Однако хватит об этом, давайте-ка лучше о хорошем, то есть о спектакле. Почему же он хороший? Об этом уже столько писано-переписано, что будет приторно, если я добавлю еще и своего елея, но я рискну, тем более что это все-таки взгляд отнюдь не стороннего наблюдателя, и хотя бы это дает ей право на жизнь. Изначально этот спектакль – шалость, игра, вполне детская забава, даже, если хотите, легкое хулиганство. От обаяния всех этих вещей не застрахован ни один актер, сколько бы он ни корчил из себя патриарха сцены и инженера человеческих душ. В глубине души любого маститого художника живет хулиган и ребенок, и когда он в чем-то находит выход – это большая радость, наслаждение, я бы сказал, счастье патриарха, я уже не говорю обо всех остальных, менее «патриарших».
Эта детскость есть и в нашем режиссере, хоть Иосиф Райхельгауз и скрывает ее изо всех сил. Ему нравится быть усталым, слегка циничным, нравится относиться к актерам как к неким забавным зверушкам, чьи душевные движения он может предугадать на много ходов вперед; и не дай бог кто узнает, что он подыгрывал нам папу в концертных выступлениях или, допустим, писал когда-то нежные и грустные стихи – что вы! Упаси бог! Он этого ужасно стесняется, ведь это так не вписывается в образ человека, который испытал все, немного устал и прилег отдохнуть в тенистой прохладе Гефсиманского сада, куда его снова забросила нелегкая судьба российского режиссера. Но вся эта напускная апатия и скука – всего лишь защитная пленка его детскости; тормоза, сдерживающие его постоянное желание пошалить. А желание пошалить и ребячество, которые бывают так симпатичны в мужчинах после сорока, оказываются иногда сильнее тормозов, и это тоже своеобразный способ не потерять рассудок в нашей «темной степи, в которой хозяин – лихой человек», по выражению Чаадаева.
Наш театр, истрепанный перестройкой, без поддержки государства, посреди рынка – похож на балерину, смущенно стоящую на пуантах и в пачке посреди компании мафиози. А театры, решившие все-таки жить по законам рынка и вступившие в него, выглядят не очень прилично, будто человек, вступивший случайно невесть во что. Эти театры отчаянно торгуют собой, чтобы выжить, и, к примеру, я вижу, как в переходе на Пушкинской площади висит афиша какого-то нового авангардного секс-театра с названием нового спектакля «Мглистые сквозняки» или «Склизкие мозгляки» – не помню, но это – апофеоз! Мглистые сквозняки секса в грязном подземном переходе от социализма к капитализму!
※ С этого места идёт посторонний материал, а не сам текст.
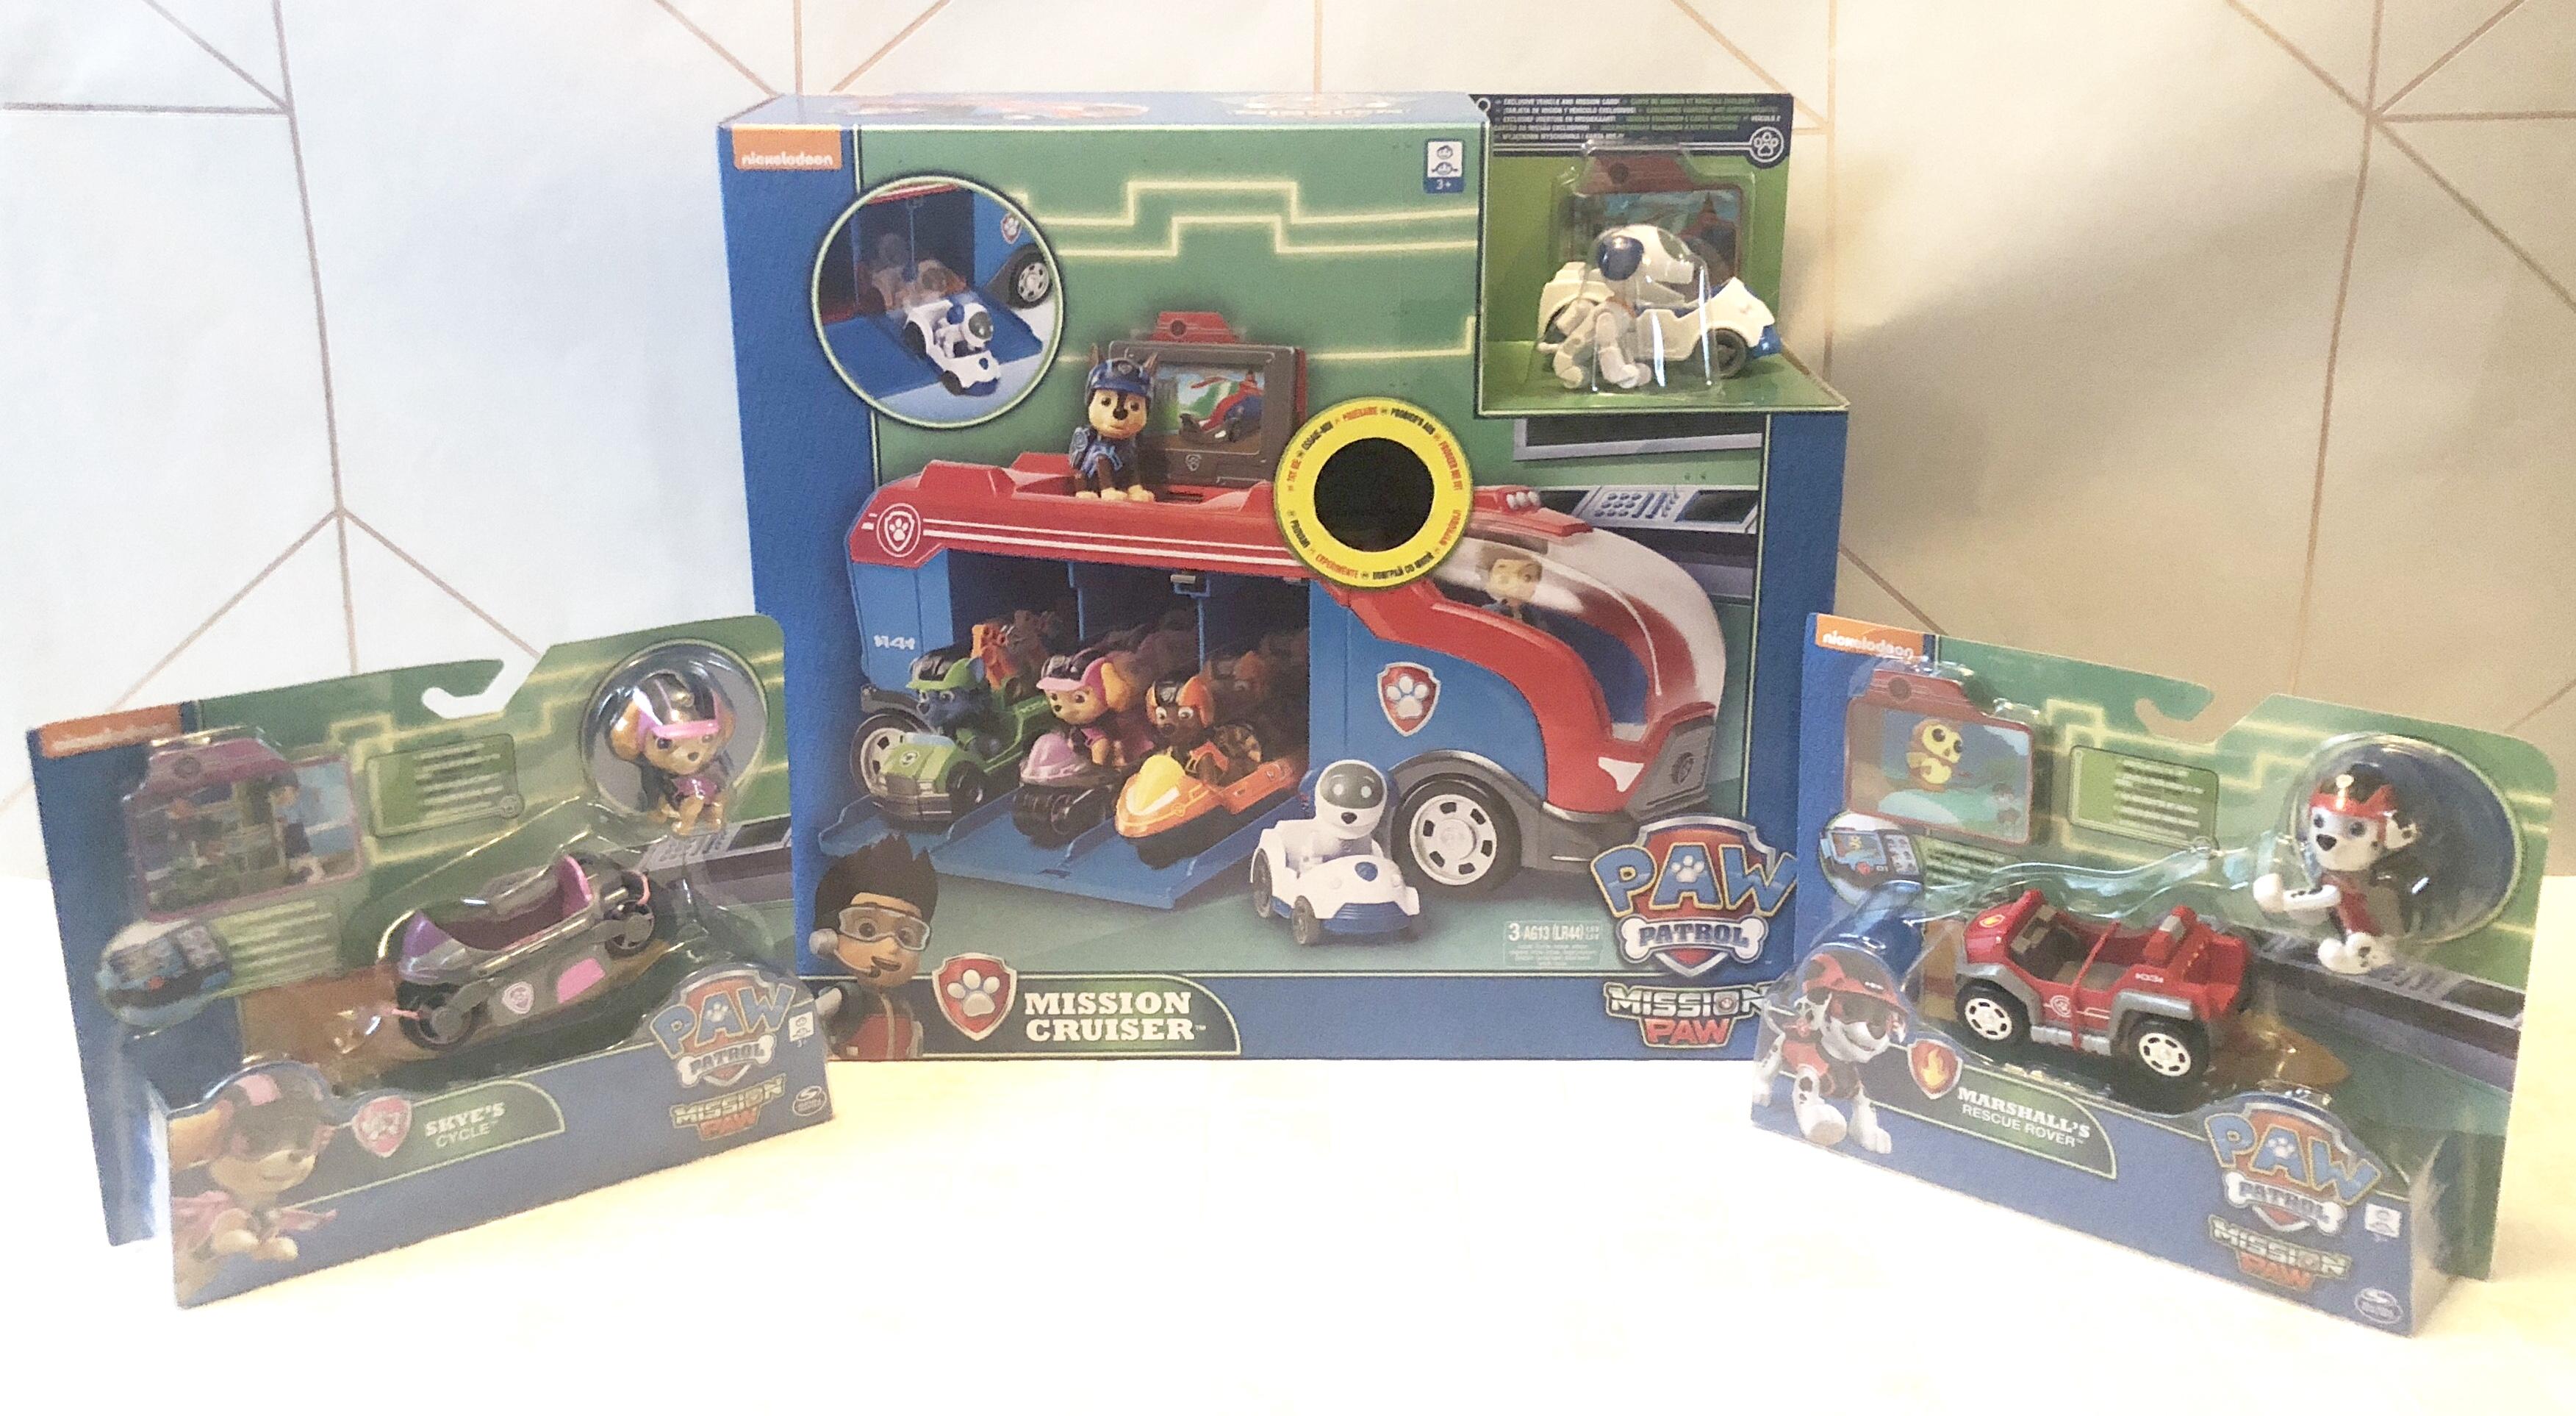 Paw Patrol Cruiser Chase Vehicle Mission Car Truck Robo Dog Mini Vehicles Set

И что остается делать, если вся твоя страна превратилась в грандиозный толчок? Слово это в русском языке имеет, как известно, три смысла. Толчок перед прыжком к чему-то новому, отхожее место и одесский «толчок», толкучка, базар. Выбирайте из трех символов любой – по вкусу, все подходит в той или иной степени.
И если все так, то что прикажете делать художнику? Участвовать в перманентной борьбе, идти на панель продаваться или что еще? Как ему спастись? И есть ли хоть что-нибудь, что может его спасти? Ничего. Ничего кроме… праздника, который он же сам себе и устраивает. Так и появился этот спектакль. Говорят, в такой же примерно ситуации возникла в начале 20-х знаменитая «Принцесса Турандот» и стала праздником – вопреки всему. У нас вообще все хорошее получается не благодаря чему-то, а именно вопреки. Вопреки нашей жизни – этот театральный карнавал; несмотря на очевидное и невероятное – праздник, окрашенный все той же самоиронией, на которую все отважно пошли. Поэтому мало бежать впереди паровоза и гадать, к чему театральный люд потянется через месяц-другой, чего не будет хватать публике. Должна быть еще органическая потребность вылезти из моря нечистот и встать под душ, потребность психически здорового человека (а у нашего режиссера исключительно устойчивая психика) оградить себя и своих коллег от безумства и подлости окружающего мира, создав свой мир маленькой театральной коробки, в котором драматические артисты почему-то поют оперу, танцуют балет и показывают фокусы с очень серьезным видом; иными словами, создать свой локальный сумасшедший дом, противопоставленный большому сумасшедшему дому вокруг театра. Как говорится, клин клином! Но, в отличие от большого, здесь все-таки игра в сумасшедших, в которой ни артисты, ни режиссер никогда не признаются. Они будут говорить: да мы все делаем очень серьезно, а уж то, что получается (т. е. чем серьезней поем и танцуем, тем громче хохочет зал), – это не наша забота, мы тут совершенно ни при чем, мы не виноваты.
Итак, праздник в альтернативном сумасшедшем доме – вот что такое этот спектакль! А какой праздник без фейерверка? И этот фейерверк устраивают артисты, каждый из которых украсил бы сцену любого театра, а в ансамбле это уже не фейерверк, а салют – в каждом спектакле из трех орудий и многими залпами. И первое из них – Любовь Полищук. Помнится, когда давным-давно в фильме «12 стульев» Андрей Миронов разбивал в танце стекло головой Любови Полищук, даже эта чепуха запоминалась навсегда, потому что это была Полищук, сохранявшая на лице во время всей сцены страстно-мрачный идиотизм женщины-вамп. Люба прошла длинный и трудоемкий путь от артистки эстрады до звезды театра и кино, но так называемая эстрадность осталась в ней навсегда. Это хорошая эстрадность, ее в театре боятся только дураки и завистники, потому что суть тут – в заразительности, яркости и умении держать зал. Она и в самом деле стоит в этом спектакле на пуантах, садится на шпагат и выбрасывает ногу вверх в весьма впечатляющем батмане, при этом тихонько, как бы про себя, но так, чтобы в зале тоже слышали, говоря «ой!», словно сама пугается своей амплитуды. У нее иногда устает голос, не смыкаются связки, но всякий раз она поет эту оперу глубоким сопрано, идущим изнутри организма. А в лице и в осанке Любы – неповторимый и возможный только у нас симбиоз этакой величавой оперной дивы с озабоченностью и замордованностью эсэнгэшной бабы: мол, вот я вам красиво и правильно пою про Воловьи Лужки, а там, на кухне, у меня в это время горят котлеты, купленные на последние деньги. И буквально вся роль у нее строится на этом, на сочетании высокого и низкого, небесного и земного.